| >Do you mean no way to get there within realistic computation bounds? I mean there's no well defined "there" either. It's a hand-waved notion that adding more intelligence (itself not very well defined, but let's use IQ) you get to something called "hyperintelligence", say IQ 1000 or IQ 10000, that has what can be described as magical powers, like it can convince any person to do anything, can invent things at will, huge business success, market prediction, and so on. Whether intelligence is cummulative like that, or whether having it gets you those powers (aside from the succesful high IQ people, we know many people with IQ 145+ that are not inventing stuff left and right, or convincing people with some greater charisma than the average IQ 100 or 120 politician, but e.g. are just sad MENSA losers, whose greatest achievement is their test scores). >Because if we allow for arbitrarily high (but still finite) amounts of compute, then some computable approximation of AIXI should work fine. I doubt that too. The limit for LLMs for example is more human produced training data (a hard limit) than compute. |
IQ has an issue that is inessential to the task at hand, which is how it is based on a population distribution. It doesn’t make sense for large values (unless there is a really large population satisfying properties that aren’t satisfied).

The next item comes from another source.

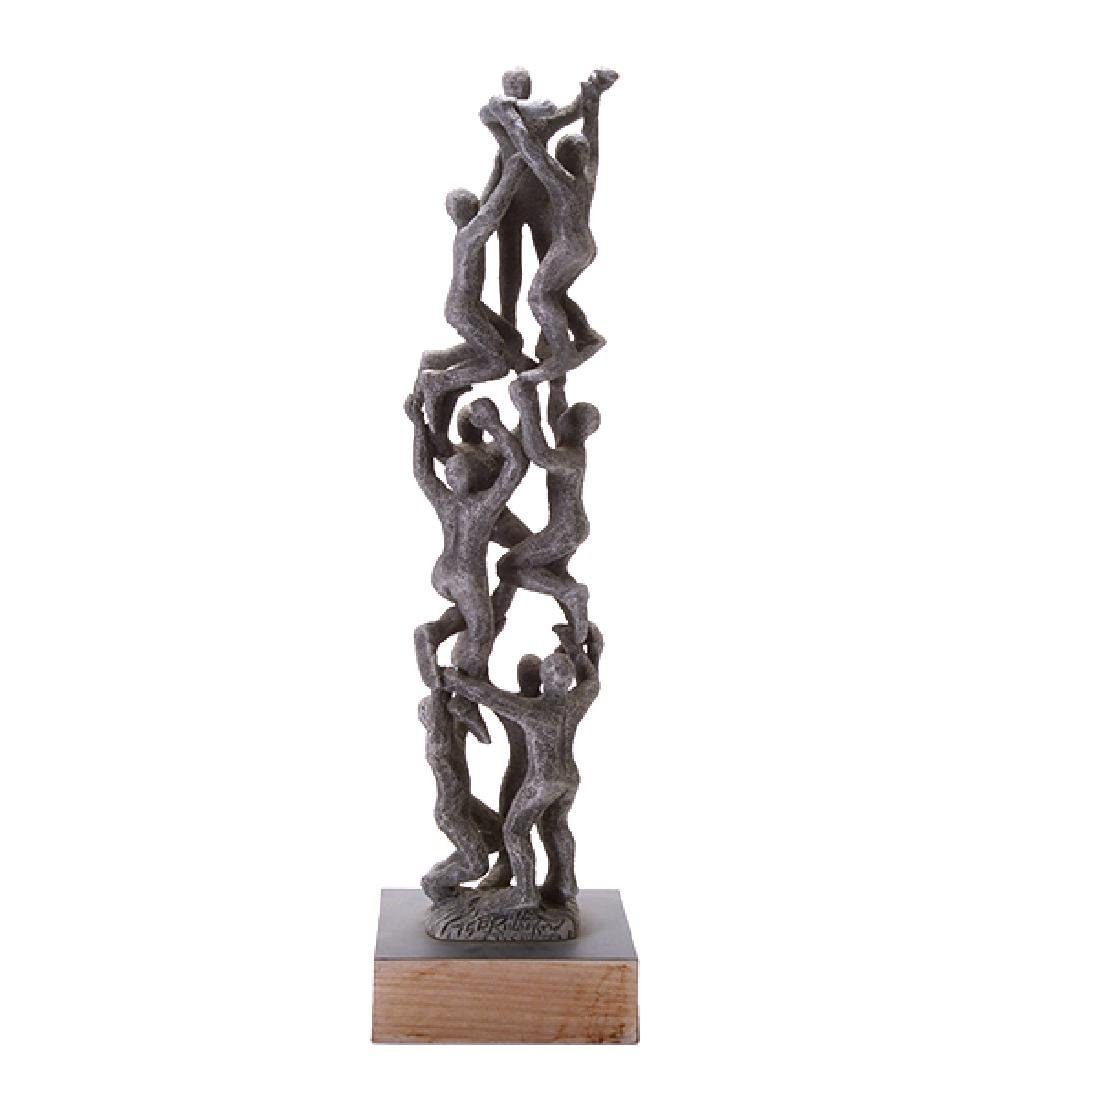 Modern Figural Cast Metal Sculpture, Signed F. - 2

> I doubt that too. The limit for LLMs for example is more human produced training data (a hard limit) than compute.
Are you familiar with what AIXI is?
When I said “arbitrarily large”, it wasn’t for laziness reasons that I didn’t give an amount that is plausibly achievable. AIXI is kind of goofy. The full version of AIXI is uncomputable (it uses a halting oracle), which is why I referred to the computable approximations to it.
AIXI doesn’t exactly need you to give it a training set, just put it in an environment where you give it a way to select actions, and give it a sensory input signal, and a reward signal.
Then, assuming that the environment it is in is computable (which, recall, AIXI itself is not), its long-run behavior will maximize the expected (time discounted) future reward signal.
There’s a sense in which it is asymptotically optimal across computable environments (... though some have argued that this sense relies on a distribution over environments based on the enumeration of computable functions, and that this might make this property kinda trivial. Still, I’m fairly confident that it would be quite effective. I think this triviality issue is mostly a difficulty of having the right definition.)
(Though, if it was possible to implement practically, you would want to make darn sure that the most effective way for it to make its reward signal high would be for it to do good things and not either bad things or to crack open whatever system is setting the reward signal in order for it to set it itself.)
(How it works: AIXI basically enumerates through all possible computable environments, assigning initial probability to each according to the length of the program, and updating the probabilities based on the probability of that environment providing it with the sequence of perceptions and reward signals it has received so far when the agent takes the sequence of actions it has taken so far. It evaluates the expected values of discounted future reward of different combinations of future actions based on its current assigned probability of each of the environments under consideration, and selects its next action to maximize this. I think the maximum length of programs that it considers as possible environments increases over time or something, so that it doesn’t have to consider infinitely many at any particular step.)